Sun Li, Peng Yuanzhen, Sharrow Allison C, Iqbal Jameel, Zhang Zhiyuan, Papachristou Dionysios J, Zaidi Samir, Zhu Ling-Ling, Yaroslavskiy Beatrice B, Zhou Hang, Zallone Alberta, Sairam M Ram, Kumar T Rajendra, Bo Wei, Braun Jonathan, Cardoso-Landa Luis, Schaffler Mitchell B, Moonga Baljit S, Blair Harry C, Zaidi Mone
Mount Sinai Bone Program, Department of Medicine and Department of Orthopedics, Mount Sinai School of Medicine, New York, NY 10029, USA.
Cell. 2006 Apr 21;125(2):247-60. doi: 10.1016/j.cell.2006.01.051.

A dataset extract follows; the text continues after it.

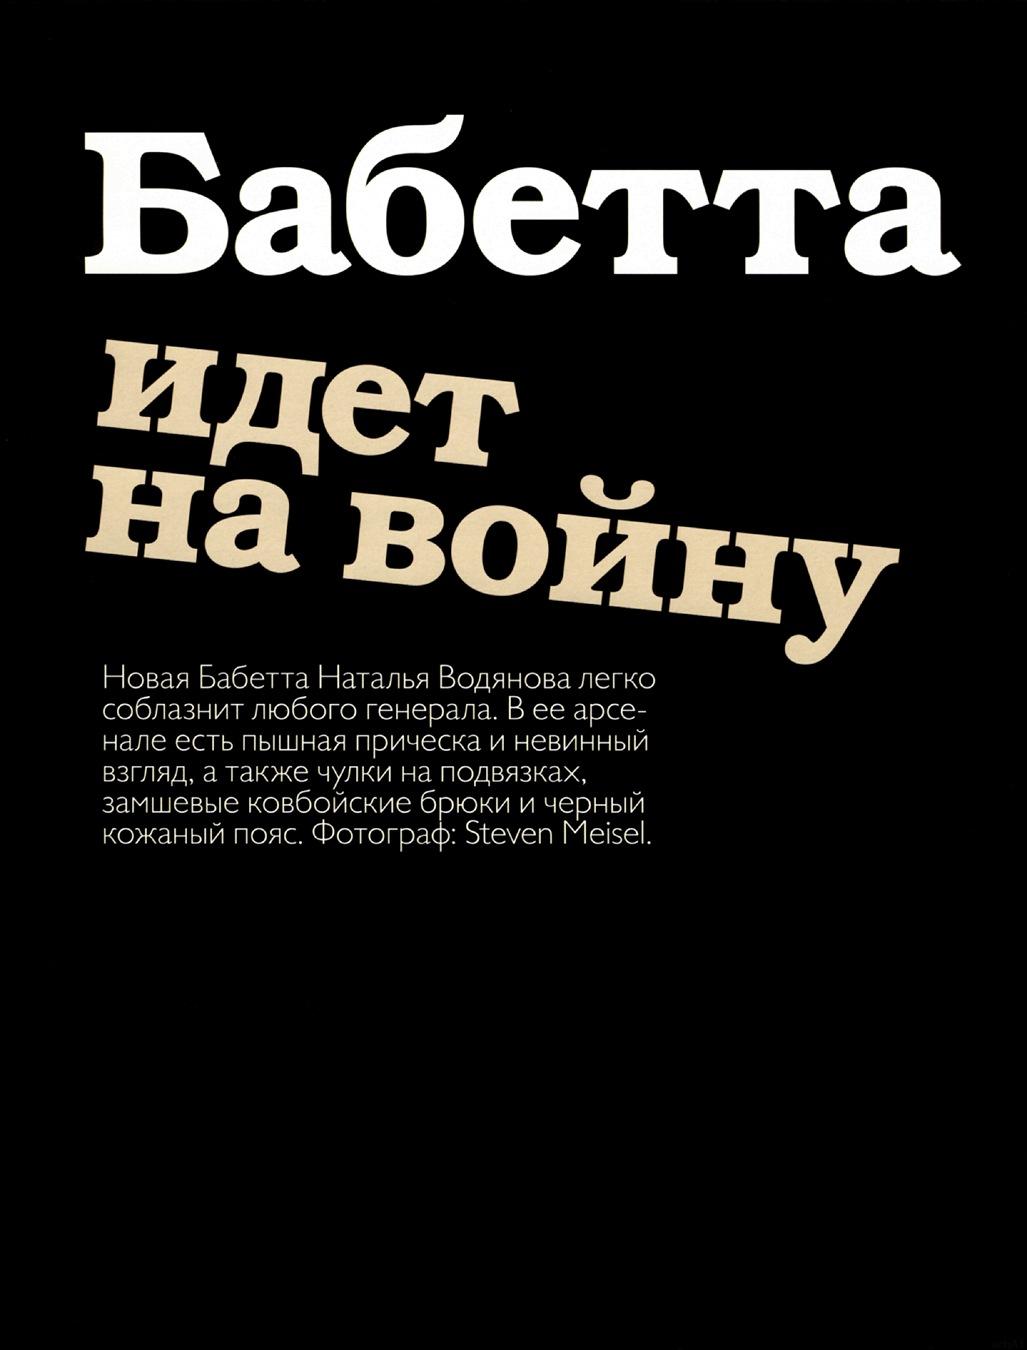 13088_at_vogue-ru_2008-03_p485_123_464lo.jpg
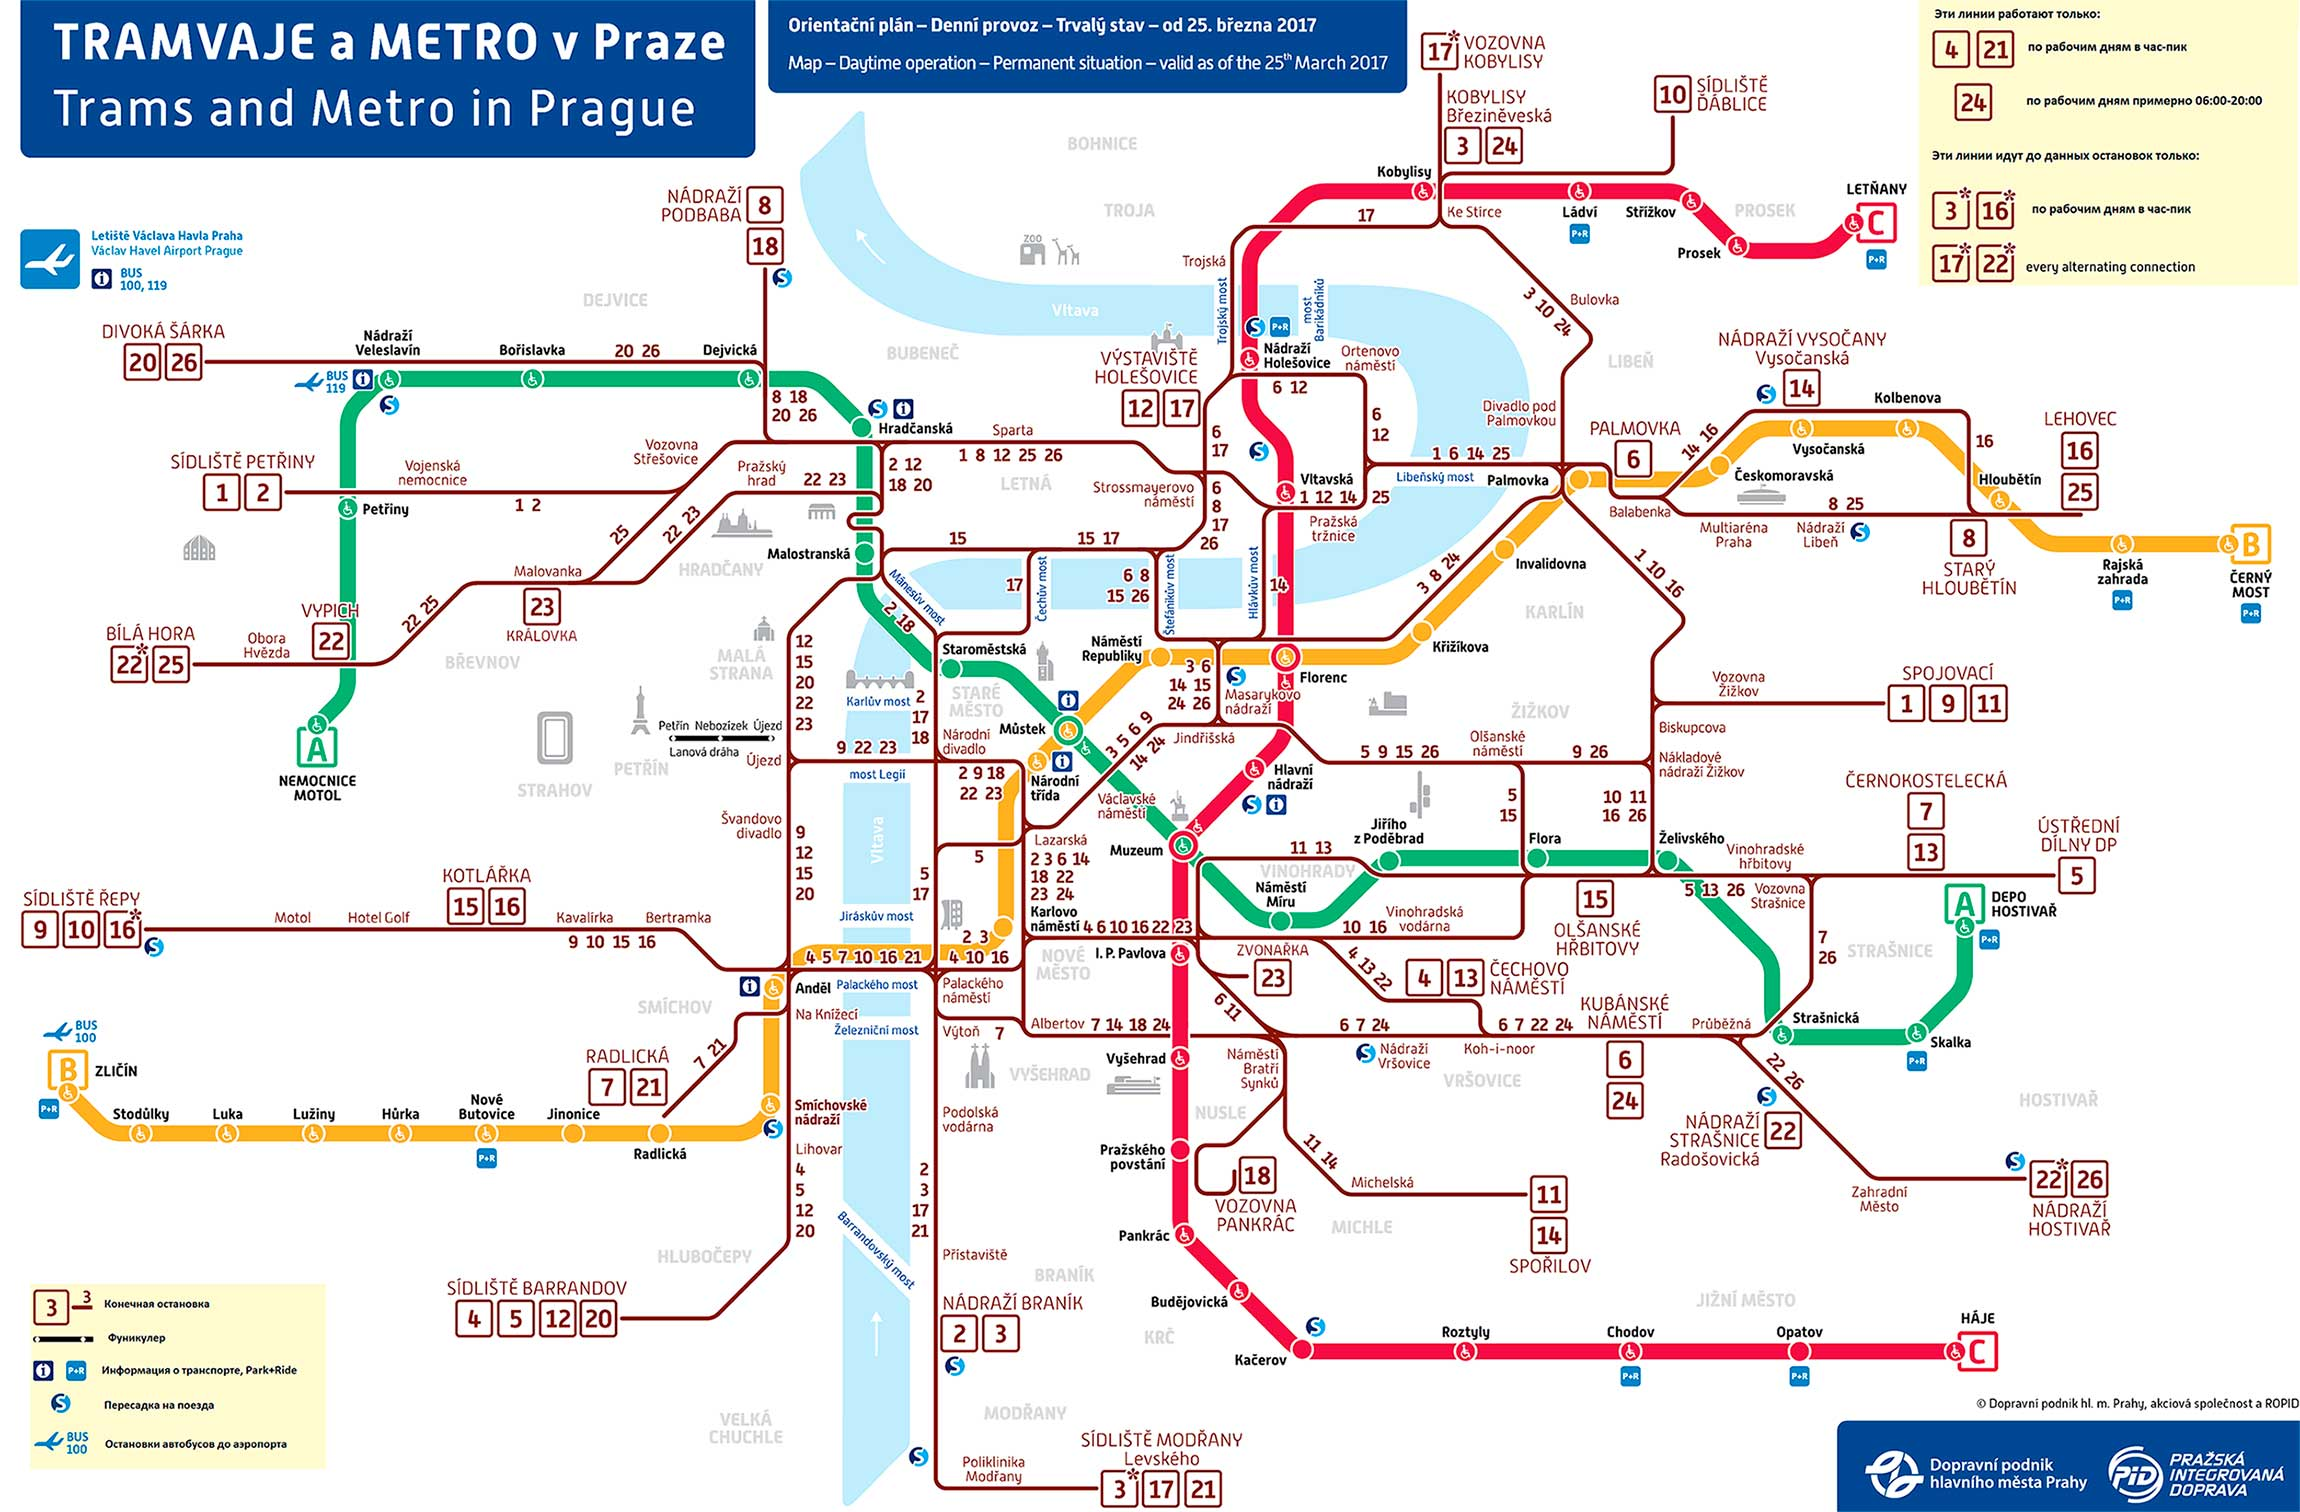 Схема трамвайных маршрутов в Праге

Postmenopausal osteoporosis, a global public health problem, has for decades been attributed solely to declining estrogen levels. Although FSH levels rise sharply in parallel, a direct effect of FSH on the skeleton has never been explored. We show that FSH is required for hypogonadal bone loss. Neither FSHbeta nor FSH receptor (FSHR) null mice have bone loss despite severe hypogonadism. Bone mass is increased and osteoclastic resorption is decreased in haploinsufficient FSHbeta+/- mice with normal ovarian function, suggesting that the skeletal action of FSH is estrogen independent. Osteoclasts and their precursors possess G(i2alpha)-coupled FSHRs that activate MEK/Erk, NF-kappaB, and Akt to result in enhanced osteoclast formation and function. We suggest that high circulating FSH causes hypogonadal bone loss.
绝经后骨质疏松症是一个全球性的公共卫生问题,几十年来一直被认为完全是由雌激素水平下降所致。尽管促卵泡激素(FSH)水平同时急剧上升,但FSH对骨骼的直接作用从未被探究过。我们发现,性腺功能减退导致的骨质流失需要FSH。尽管存在严重的性腺功能减退,但促卵泡激素β(FSHβ)基因敲除小鼠和促卵泡激素受体(FSHR)基因敲除小鼠均未出现骨质流失。在卵巢功能正常的FSHβ基因单倍不足(FSHβ+/-)小鼠中,骨量增加,破骨细胞吸收减少,这表明FSH对骨骼的作用不依赖于雌激素。破骨细胞及其前体细胞拥有与G(i2α)偶联的FSHR,可激活丝裂原活化蛋白激酶/细胞外信号调节激酶(MEK/Erk)、核因子κB(NF-κB)和蛋白激酶B(Akt),从而增强破骨细胞的形成和功能。我们认为,循环中FSH水平升高会导致性腺功能减退性骨质流失。